Pandas version checks
-
[X] I have checked that this issue has not already been reported.
-
[X] I have confirmed this bug exists on the latest version of pandas.
-
[X] I have confirmed this bug exists on the main branch of pandas.
Reproducible Example
from IPython.display import display, HTML
import numpy as np
import pandas as pd
df = pd.DataFrame(np.random.random((2,3)))
display(df) # this will send print(df) to "text/plain": [...]
df_style = df.style.set_caption("data")
display(df_style) # this will send print(df_style) to "text/plain": [...]
Issue Description
Refer to my issue in nbconvert
Basically, nbconvert
use what is in "text/plain": [...]
. Displaying something using display
seems to send object.__repr__
or object.__str__
there. Sadly, pd.style.Styler
return <pandas.io.formats.style.Styler at 0x...>
on print. Please at least change pd.style.Styler.__repr__
and pd.style.Styler.__str__
into a human readable meaningful text, that is, at least, sending pd.style.Styler.data.__repr__
and pd.style.Styler.data.__str__
.
Expected Behavior
pd.style.Styler.__repr__
and pd.style.Styler.__str__
has a human readable and meaningful text, that is, at least, like pd.style.Styler.data.__repr__
and pd.style.Styler.data.__str__
.
Installed Versions
I use python 3.8, pd.show_versions throws error.

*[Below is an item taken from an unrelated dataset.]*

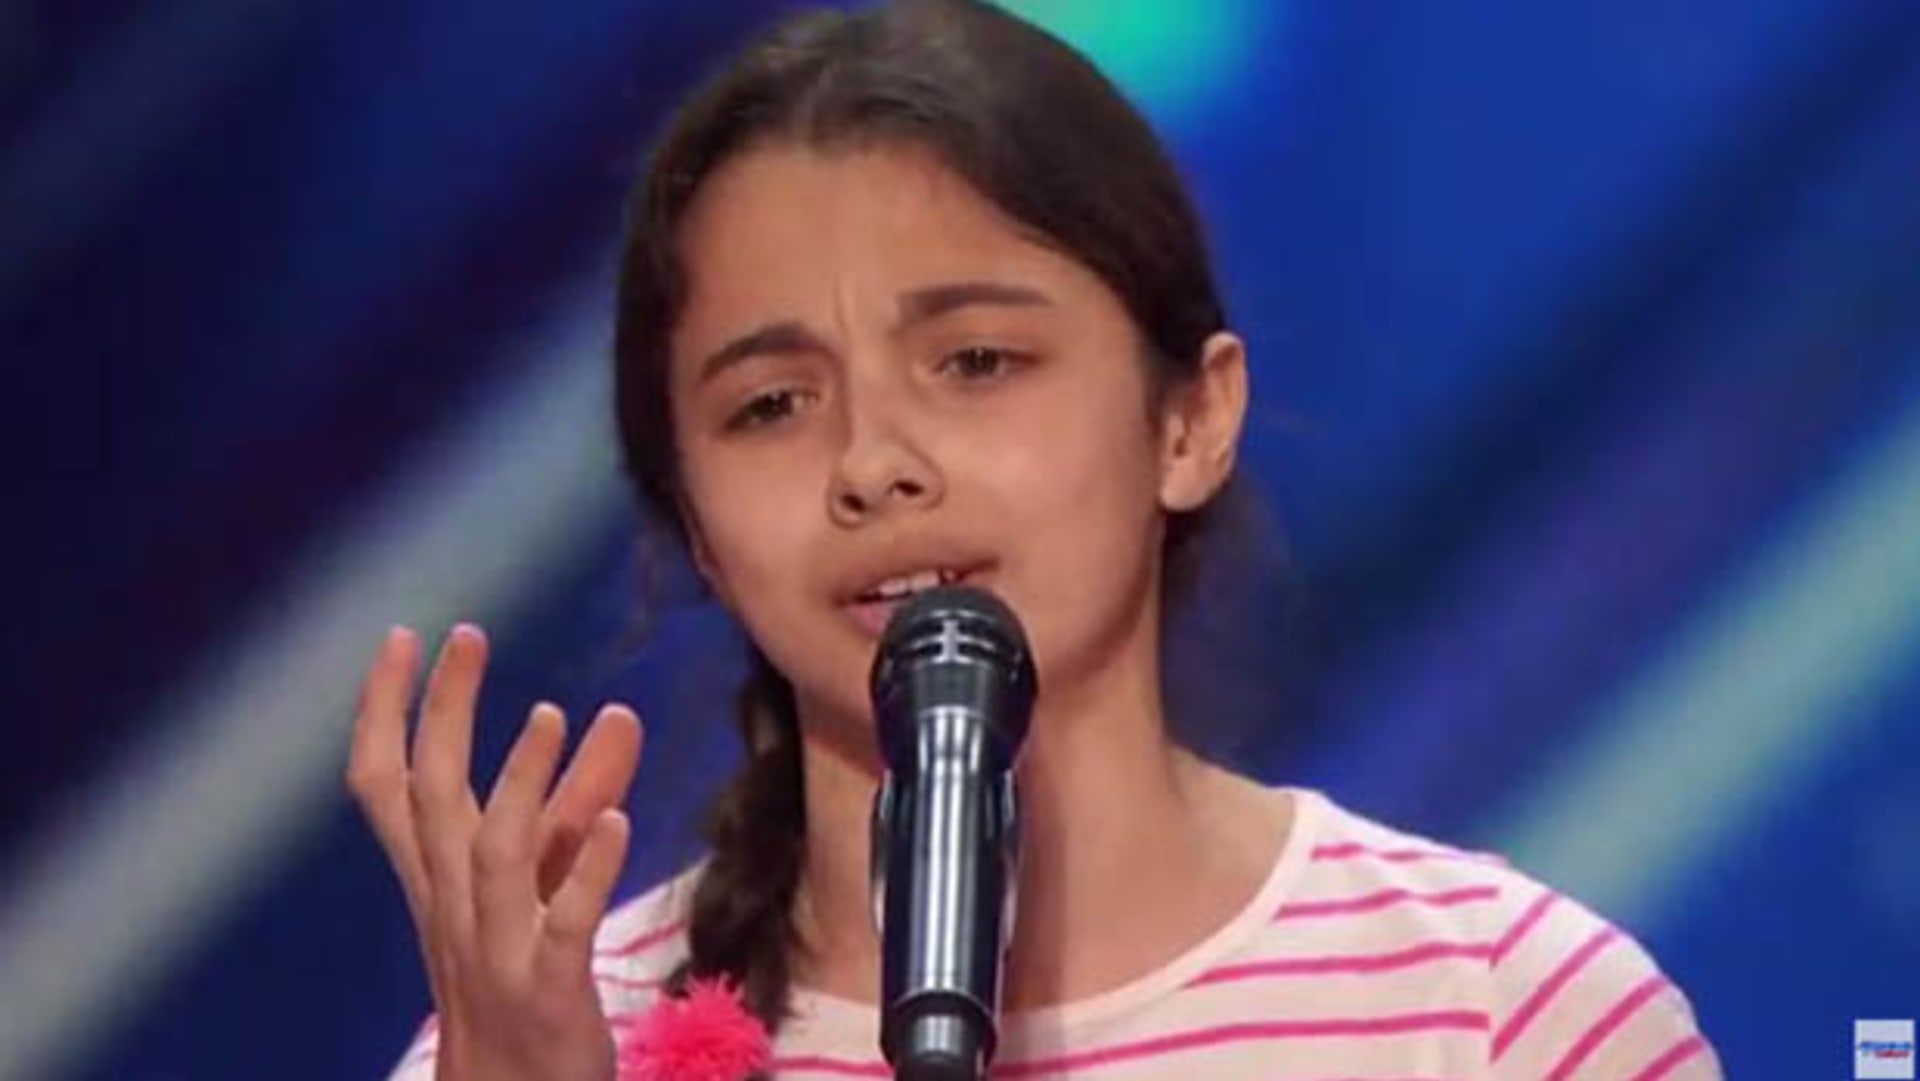 Třináctiletá dívenka uchvátila americký Talent. Až to uvidíte, pochopíte, proč.

Here is pandas version: '2.0.3'
Comment From: Dhayanidhi-M
Hi @yasirroni ,
I am new contributor. Trying to understand the issue here. Could you explain what exact text you are looking for ?
Comment From: yasirroni
@Dhayanidhi-M I'm not looking any text. I'm reporting a bug or requesting feature that pd.style.Styler
should have human readable string representation on .__str__
or .__repr__
to be compatible with nbconvert
. That is because cell metadata on "text/plain": [...]
store what is in .__str__
or .__repr__
as far as I know.
Comment From: rhshadrach
Simpler reproducer:
df = pd.DataFrame(np.random.random((2,3)))
print(df)
# 0 1 2
# 0 0.107940 0.910253 0.657357
# 1 0.939727 0.032391 0.775682
df_style = df.style.set_caption("data")
print(df_style)
# <pandas.io.formats.style.Styler object at 0x7faf0fd21b10>
I think it makes sense to have the 2nd output match the first.
cc @attack68
Comment From: attack68
Thanks for cc
Just to keep this in perspective, this is not a bug, it is a feature request for something that has not been in scope previously.
Jupyter notebooks have a specific order of analysing the repr
methods for objects in the last line of a cell. A Styler can be represented in HTML format in a notebook becuase its __repr_html__
method by default returns a string of HTML.
If the pandas option styler.render.repr
is "latex"
then the __repr_html__
method returns None
and the __repr_latex__
method returns a string of LaTeX. This is how nbconvert
is configured to work for those formats, in general.
In your case, by using the print
function you are forcing Python to call the __str__
or __repr__
method, which do not exist for a Styler.
The fastest way of getting results in this case would be to note that Styler.to_string()
exists in a basic form, so that __str__
could be mapped to called self.to_string()
print(df.style.to_string())
# 0 1 2
# 0 0.554557 0.202806 0.479053
# 1 0.745892 0.921658 0.324225
I would ask, ultimately, what do you want to achieve by using a Styler in an nbconvert without adding any styles? Why not just call a DataFrame, since the to_string
method of a Styler serves no purpose beyond the normal string representation for a DataFrame?
Comment From: yasirroni
Thanks, @attack68.
The most basic thing is that we commonly did not print in notebook, right? We often just write like this in cell,
df = pd.DataFrame(np.random.random((2,3)))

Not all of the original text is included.